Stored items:
---+---
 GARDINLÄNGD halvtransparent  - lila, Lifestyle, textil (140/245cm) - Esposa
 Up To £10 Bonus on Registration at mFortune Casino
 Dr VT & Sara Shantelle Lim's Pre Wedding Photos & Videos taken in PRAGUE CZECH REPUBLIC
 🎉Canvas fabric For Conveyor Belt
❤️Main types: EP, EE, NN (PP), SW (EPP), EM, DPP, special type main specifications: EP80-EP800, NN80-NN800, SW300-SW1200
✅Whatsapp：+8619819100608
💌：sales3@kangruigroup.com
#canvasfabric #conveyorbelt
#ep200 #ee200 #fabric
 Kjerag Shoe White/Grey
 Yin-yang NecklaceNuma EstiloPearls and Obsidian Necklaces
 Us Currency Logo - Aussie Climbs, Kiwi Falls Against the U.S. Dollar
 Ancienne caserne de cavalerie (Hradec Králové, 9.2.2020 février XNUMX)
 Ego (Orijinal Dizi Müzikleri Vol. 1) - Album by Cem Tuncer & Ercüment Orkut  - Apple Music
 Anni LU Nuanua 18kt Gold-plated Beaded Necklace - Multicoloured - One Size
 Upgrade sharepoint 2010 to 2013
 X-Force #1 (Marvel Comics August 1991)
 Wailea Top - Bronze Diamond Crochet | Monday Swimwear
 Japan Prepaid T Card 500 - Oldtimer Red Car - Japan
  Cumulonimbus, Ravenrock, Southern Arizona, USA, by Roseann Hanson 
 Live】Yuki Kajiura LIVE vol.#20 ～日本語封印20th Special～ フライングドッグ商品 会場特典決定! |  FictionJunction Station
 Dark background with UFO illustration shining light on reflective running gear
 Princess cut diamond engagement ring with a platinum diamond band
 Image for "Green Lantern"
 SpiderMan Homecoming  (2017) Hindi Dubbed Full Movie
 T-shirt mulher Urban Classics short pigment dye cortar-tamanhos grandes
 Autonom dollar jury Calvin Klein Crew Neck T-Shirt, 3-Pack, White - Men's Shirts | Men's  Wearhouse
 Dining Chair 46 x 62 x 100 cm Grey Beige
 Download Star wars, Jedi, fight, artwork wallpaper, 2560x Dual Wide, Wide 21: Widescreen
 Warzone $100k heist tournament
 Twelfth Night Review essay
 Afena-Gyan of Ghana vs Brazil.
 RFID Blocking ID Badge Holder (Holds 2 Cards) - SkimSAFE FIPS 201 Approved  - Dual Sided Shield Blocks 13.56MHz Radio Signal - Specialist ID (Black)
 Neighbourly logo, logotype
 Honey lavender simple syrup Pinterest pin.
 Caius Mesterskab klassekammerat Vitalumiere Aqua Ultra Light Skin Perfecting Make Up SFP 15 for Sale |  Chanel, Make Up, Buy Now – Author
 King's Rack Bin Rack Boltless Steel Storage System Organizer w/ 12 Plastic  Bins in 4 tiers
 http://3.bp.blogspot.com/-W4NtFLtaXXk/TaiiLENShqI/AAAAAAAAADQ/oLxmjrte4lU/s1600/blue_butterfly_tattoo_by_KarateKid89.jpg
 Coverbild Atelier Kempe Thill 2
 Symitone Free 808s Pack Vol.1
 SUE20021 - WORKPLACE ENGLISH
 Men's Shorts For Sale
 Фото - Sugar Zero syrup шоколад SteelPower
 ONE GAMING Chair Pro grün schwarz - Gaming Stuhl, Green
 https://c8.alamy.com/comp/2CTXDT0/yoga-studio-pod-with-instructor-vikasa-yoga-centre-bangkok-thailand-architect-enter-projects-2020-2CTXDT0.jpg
---+---
INSTRUCTIONS FOR THE TASK:
Each record above should be returned exactly as written.

COMPLETED EXERCISE:
 GARDINLÄNGD halvtransparent  - lila, Lifestyle, textil (140/245cm) - Esposa
 Up To £10 Bonus on Registration at mFortune Casino
 Dr VT & Sara Shantelle Lim's Pre Wedding Photos & Videos taken in PRAGUE CZECH REPUBLIC
 🎉Canvas fabric For Conveyor Belt
❤️Main types: EP, EE, NN (PP), SW (EPP), EM, DPP, special type main specifications: EP80-EP800, NN80-NN800, SW300-SW1200
✅Whatsapp：+8619819100608
💌：sales3@kangruigroup.com
#canvasfabric #conveyorbelt
#ep200 #ee200 #fabric
 Kjerag Shoe White/Grey
 Yin-yang NecklaceNuma EstiloPearls and Obsidian Necklaces
 Us Currency Logo - Aussie Climbs, Kiwi Falls Against the U.S. Dollar
 Ancienne caserne de cavalerie (Hradec Králové, 9.2.2020 février XNUMX)
 Ego (Orijinal Dizi Müzikleri Vol. 1) - Album by Cem Tuncer & Ercüment Orkut  - Apple Music
 Anni LU Nuanua 18kt Gold-plated Beaded Necklace - Multicoloured - One Size
 Upgrade sharepoint 2010 to 2013
 X-Force #1 (Marvel Comics August 1991)
 Wailea Top - Bronze Diamond Crochet | Monday Swimwear
 Japan Prepaid T Card 500 - Oldtimer Red Car - Japan
  Cumulonimbus, Ravenrock, Southern Arizona, USA, by Roseann Hanson 
 Live】Yuki Kajiura LIVE vol.#20 ～日本語封印20th Special～ フライングドッグ商品 会場特典決定! |  FictionJunction Station
 Dark background with UFO illustration shining light on reflective running gear
 Princess cut diamond engagement ring with a platinum diamond band
 Image for "Green Lantern"
 SpiderMan Homecoming  (2017) Hindi Dubbed Full Movie
 T-shirt mulher Urban Classics short pigment dye cortar-tamanhos grandes
 Autonom dollar jury Calvin Klein Crew Neck T-Shirt, 3-Pack, White - Men's Shirts | Men's  Wearhouse
 Dining Chair 46 x 62 x 100 cm Grey Beige
 Download Star wars, Jedi, fight, artwork wallpaper, 2560x Dual Wide, Wide 21: Widescreen
 Warzone $100k heist tournament
 Twelfth Night Review essay
 Afena-Gyan of Ghana vs Brazil.
 RFID Blocking ID Badge Holder (Holds 2 Cards) - SkimSAFE FIPS 201 Approved  - Dual Sided Shield Blocks 13.56MHz Radio Signal - Specialist ID (Black)
 Neighbourly logo, logotype
 Honey lavender simple syrup Pinterest pin.
 Caius Mesterskab klassekammerat Vitalumiere Aqua Ultra Light Skin Perfecting Make Up SFP 15 for Sale |  Chanel, Make Up, Buy Now – Author
 King's Rack Bin Rack Boltless Steel Storage System Organizer w/ 12 Plastic  Bins in 4 tiers
 http://3.bp.blogspot.com/-W4NtFLtaXXk/TaiiLENShqI/AAAAAAAAADQ/oLxmjrte4lU/s1600/blue_butterfly_tattoo_by_KarateKid89.jpg
 Coverbild Atelier Kempe Thill 2
 Symitone Free 808s Pack Vol.1
 SUE20021 - WORKPLACE ENGLISH
 Men's Shorts For Sale
 Фото - Sugar Zero syrup шоколад SteelPower
 ONE GAMING Chair Pro grün schwarz - Gaming Stuhl, Green
 https://c8.alamy.com/comp/2CTXDT0/yoga-studio-pod-with-instructor-vikasa-yoga-centre-bangkok-thailand-architect-enter-projects-2020-2CTXDT0.jpg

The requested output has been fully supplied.